## Data segment
+++++

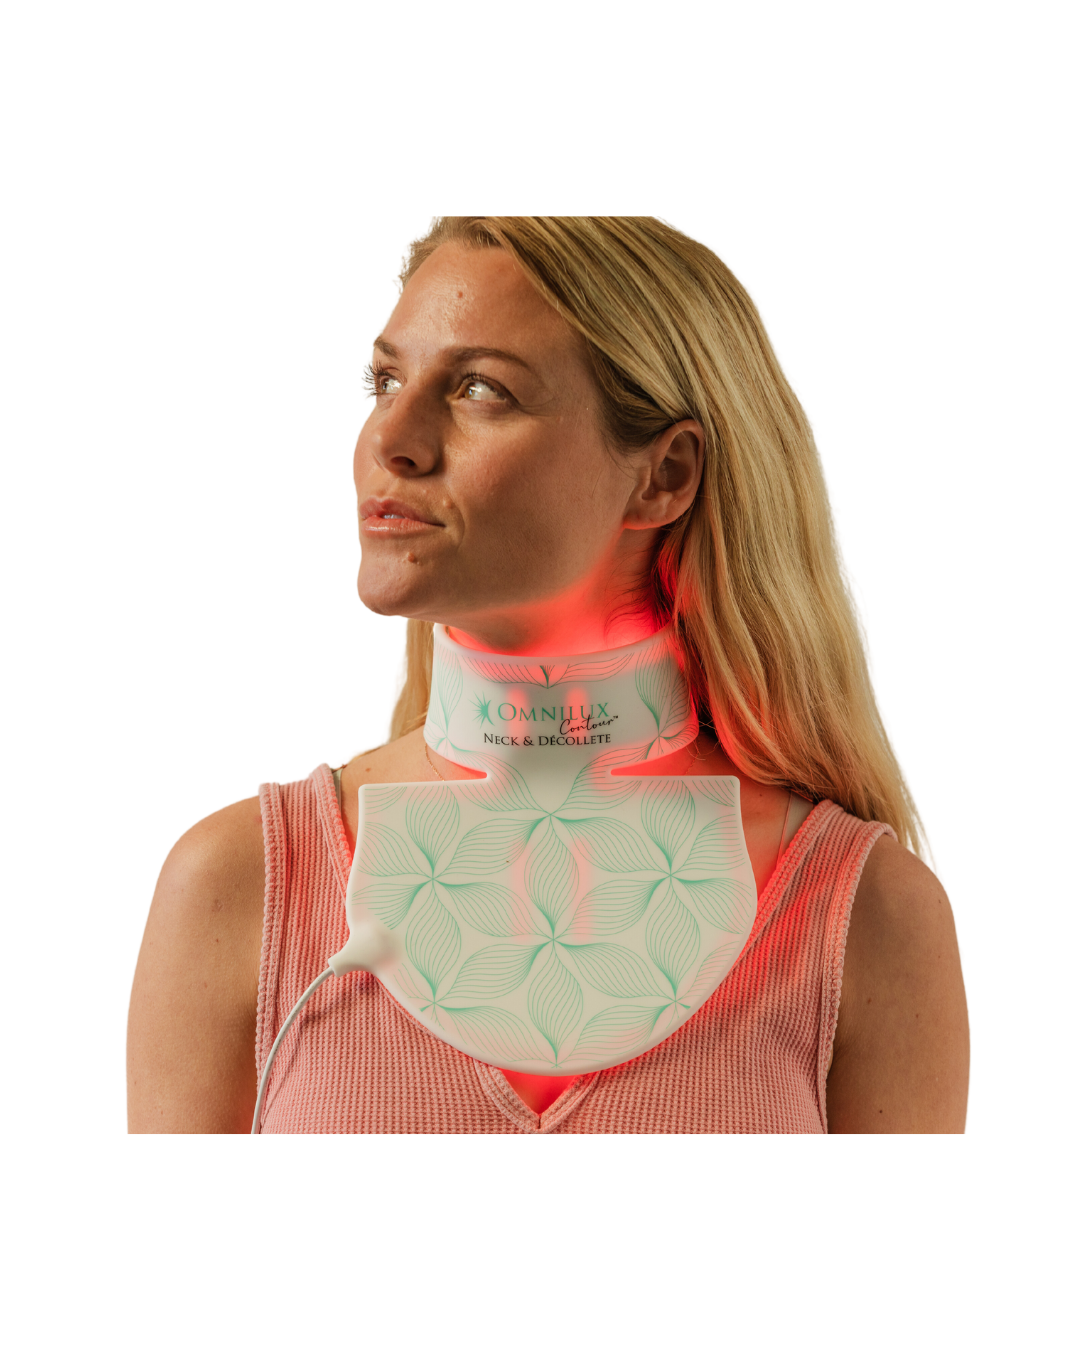 Omnilux Contour for Neck & Decollete LED Therapy Device
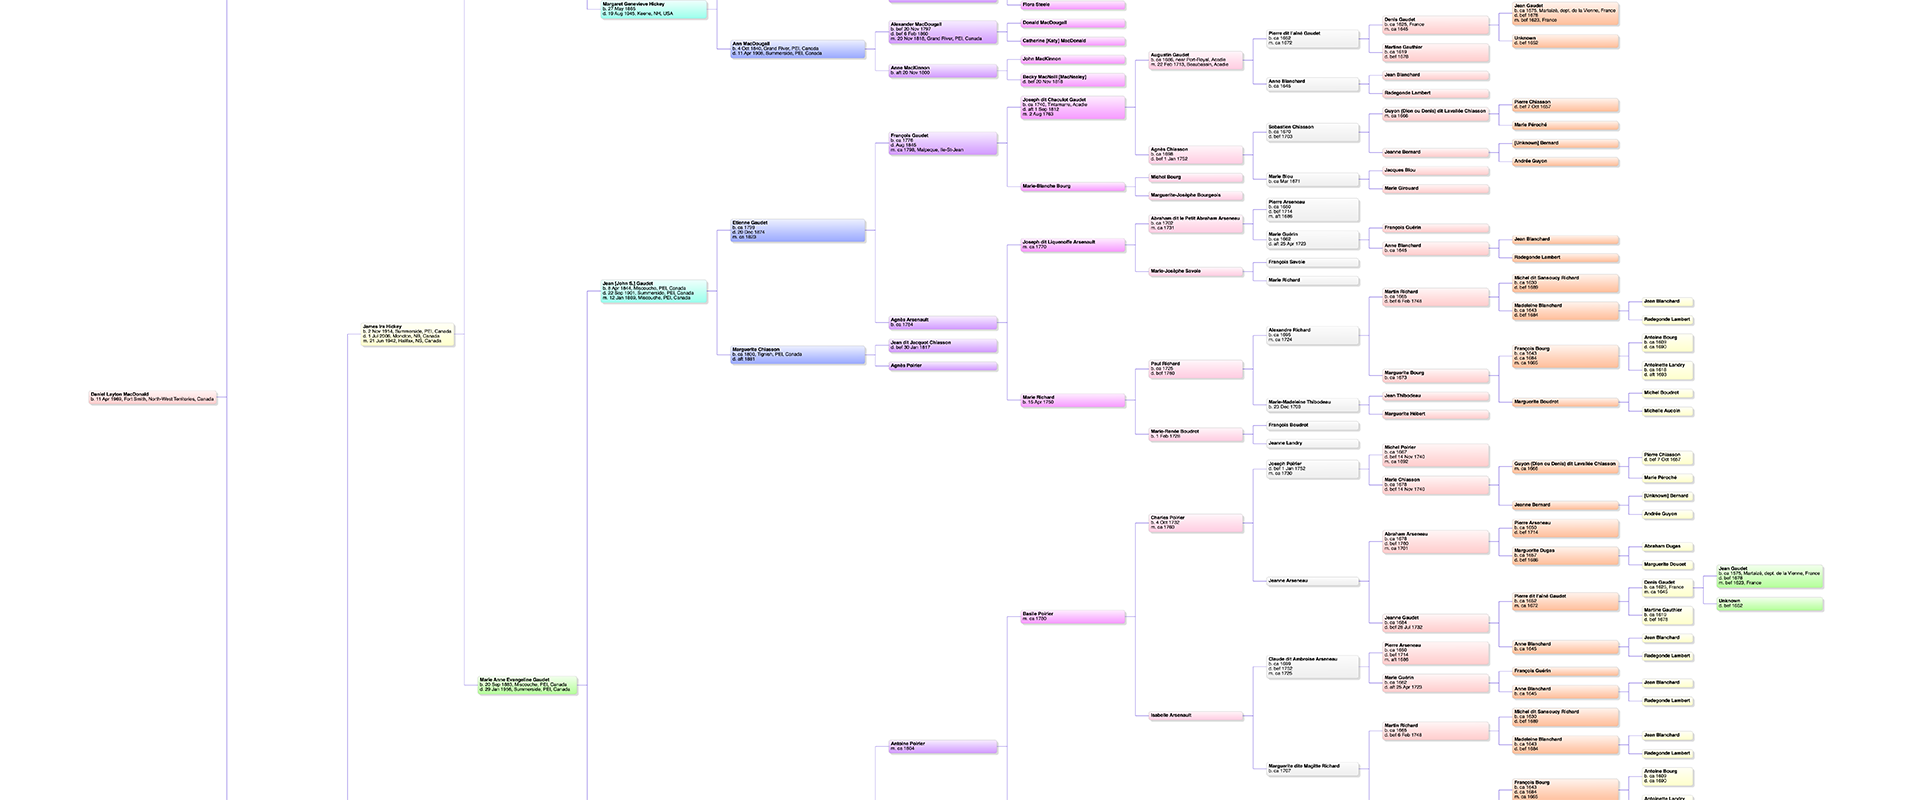 A partial and obscured view of an ancestor chart
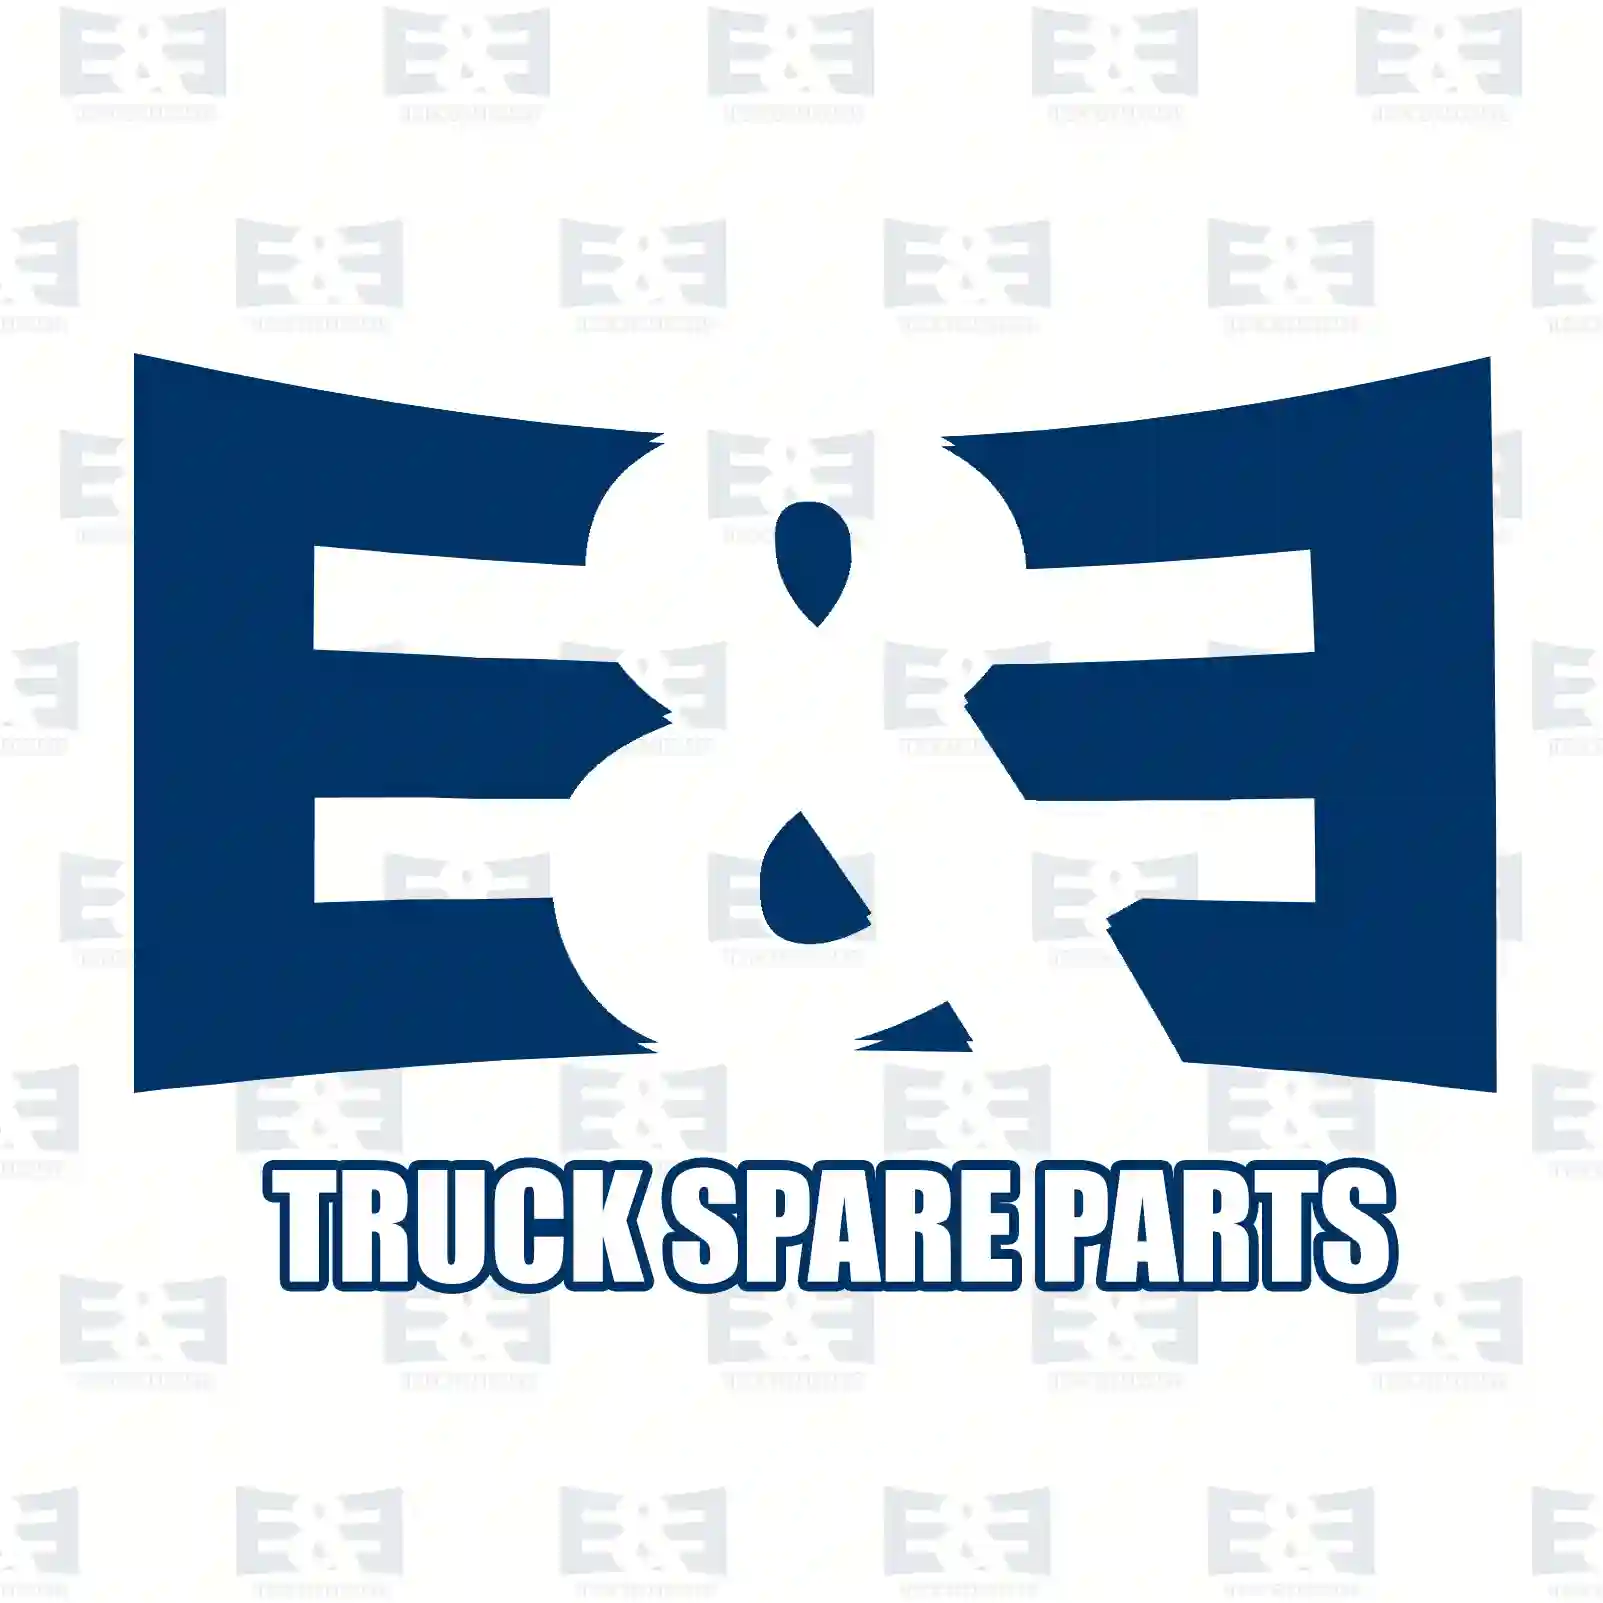  Elbow fitting || E&E Truck Spare Parts | Truck Spare Parts, Auotomotive Spare Parts
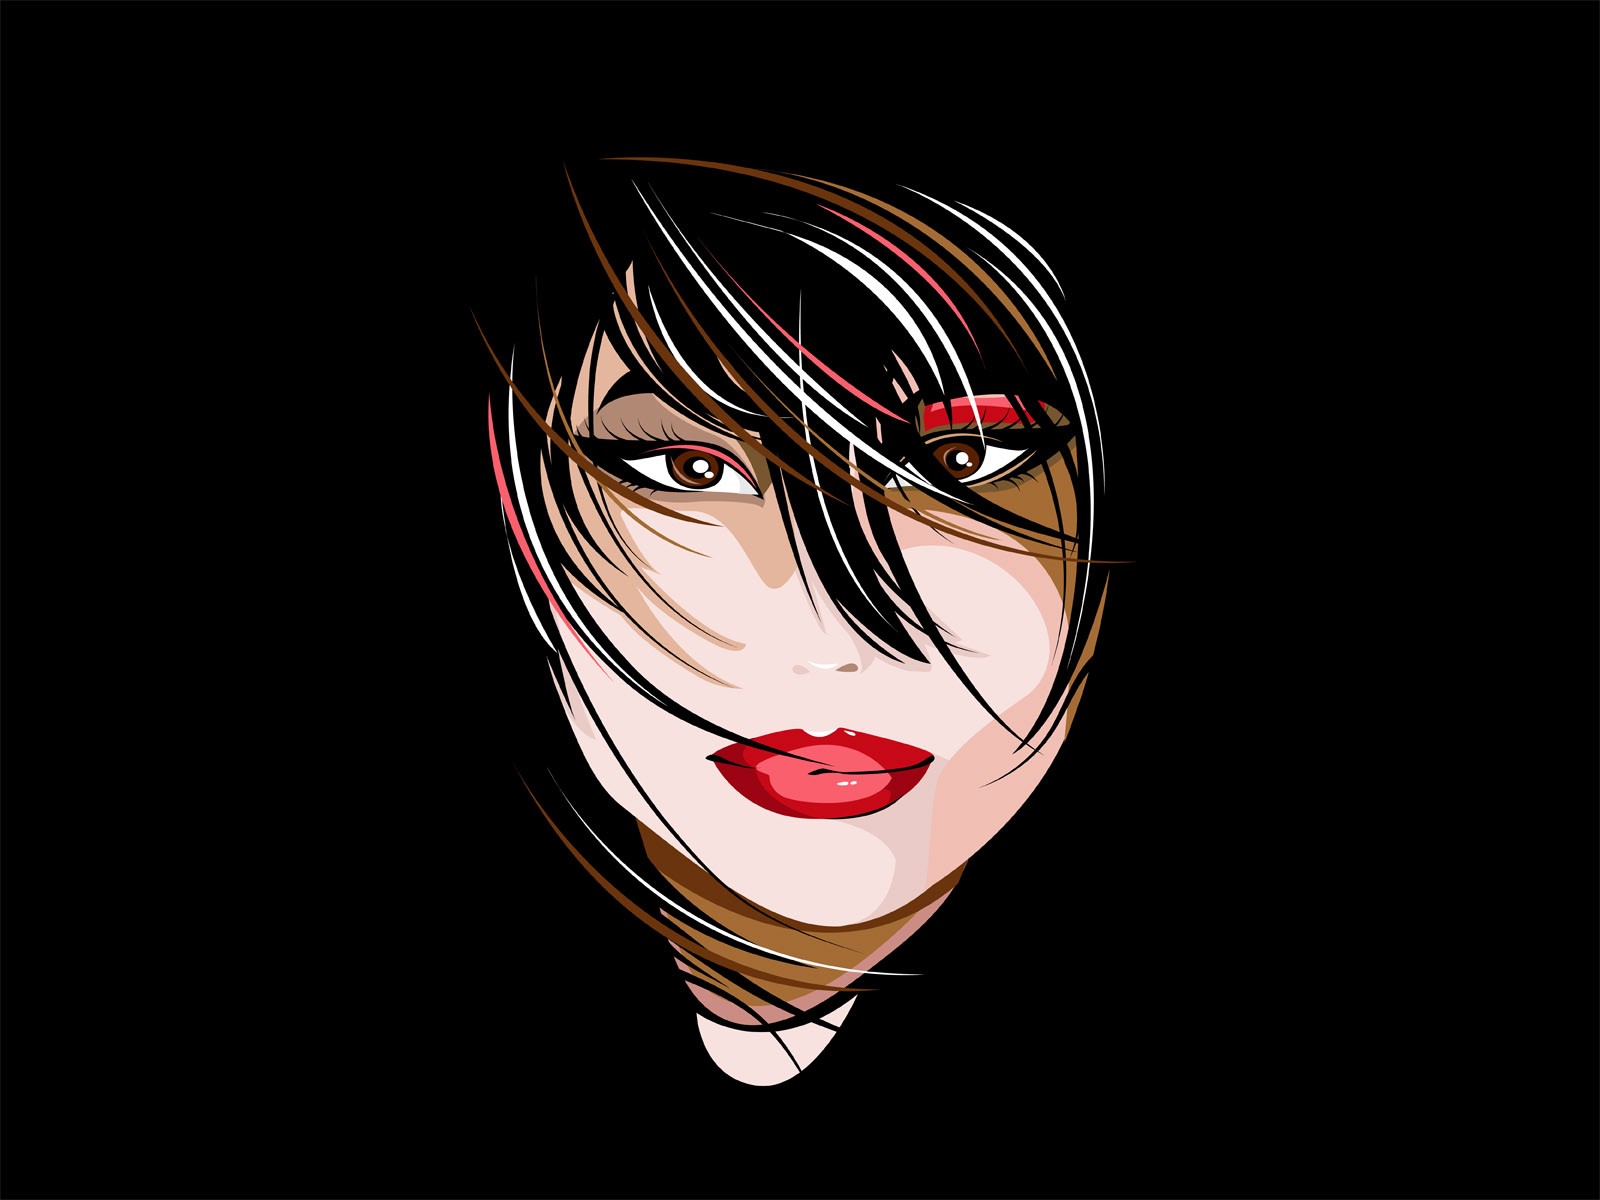 General 1600x1200 artwork women face red lipstick simple background brown eyes hair in face black background lipstick

+++++

## Problem description
Print the full listing above again with exact wording and no images.

## Solution to the exercise
 Omnilux Contour for Neck & Decollete LED Therapy Device
 A partial and obscured view of an ancestor chart
  Elbow fitting || E&E Truck Spare Parts | Truck Spare Parts, Auotomotive Spare Parts
 General 1600x1200 artwork women face red lipstick simple background brown eyes hair in face black background lipstick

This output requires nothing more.